As ebo noted in comments, your situation sounds like it can be formulated as an exact cover problem, which you can apply Knuth's Algorithm X to. If you take this tack, please let us know how it works out for you.
It does look like you have a constraint satisfaction problem.
In your case I would particularly look at constraint propagation techniques first -- you may be able to reduce the problem to a manageable size that way.
What happens if no one fits the criteria?
What you are describing is the 'Roommate Problem' it is lightly described in this thesis.
Bear with me, I'm searching for better links.
EDIT
Here's another fairly dense thesis.
As for me I would most likely trying to find reduction to bipartite graph matching problem. Also to prove that problem is NP usually is much more complicated than staying you cannot find polynomial solution.
I am not sure your problem is NP, it does not smell that way, but what I would do if I was you would be to order the requirements for the positions such that you try to fill the most specific first since fewer people will be available fill these positions, so you are less likely to have to backtrack a lot. There is no reason why you should not combine this with algorithm X, an algorithm of pure Knuth-ness.
I'll leave the theory to others, since my mathematical savvy is not so great, but you may find a tool like Cassowary/Cassowary.net or NSolver useful to represent your problem declaratively as a constraint satisfaction problem and then solve the constraints.
In such tools, the simplex method combined with constraint propagation is frequently employed to deterministically reduce the solution space and then find an optimal solution given a cost function. For larger solution spaces (which don't seem to apply in the size of problem you specify), occasionally genetic algorithms are employed.
If I remember correctly, NSolver also includes in sample code a simplification of an actual Nurse-rostering problem that Dr. Chun worked on in Hong Kong. And there's a paper on the work he did.
It sounds to me like you have a couple of separable problems that would be a lot easier to solve:
-- select one doctor from team A
-- select another doctor from any team
-- select two nurses
So you have three independent problems.
A clarification though, do you have to have two doctors (one from the specified team) and two nurses, or one doctor from the specified team, two nurses, and one other that can be either doctor or nurse?
Some Questions:
Is the goal to satisfy the constraints exactly, or only approximately (but as much as possible)?

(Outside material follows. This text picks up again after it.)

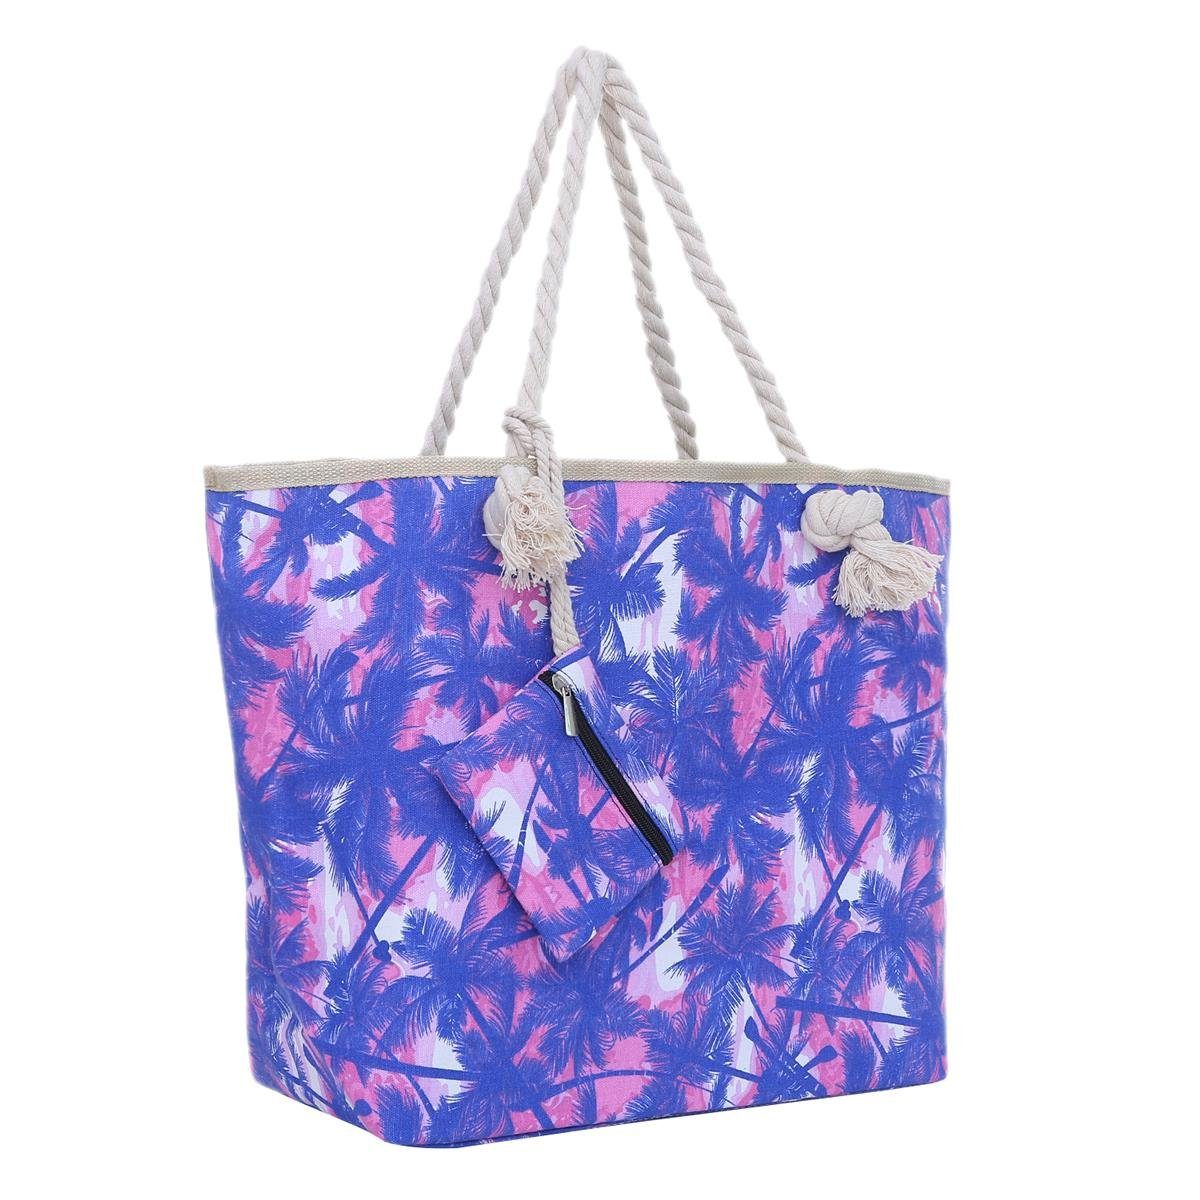 DonDon Strandtasche Shopper Schultertasche Beach Style (2-tlg), Große Strandtasche, mit Reißverschluss, tolle Motive blau-Rosa

Can a person be a member of several teams?
What are all possible constraints? (For example, could we need a doctor which is a member of several teams?)
If you want to satisfy the constraints exactly, then I would order the constraints decreasingly by strictness, that is, the ones which are most hardest to achieve (e.g. doctor AND team A in your example above) should be checked first!
If you want to satisfy the constraints approximately, then its a different story... you would have to specify some kind of weighting/importance-function which determines what we rather would have, when we can't match exactly, and have several possibilities to choose from.
If you have several or many constraints, take a look at Drools Planner (open source, java).
Brute force, branch and bound and similar techniques take to long. Deterministic algorithms such as fill the largest shifts first are very suboptimal. Meta-heuristics are a very good way to deal with this.
Take a specific look at the real-world nurse rostering example of Drools Planner. It's easy to add many constraints, such as "young nurses don't want to work the Saturday night" or "some nurses don't want to work to many days in a row".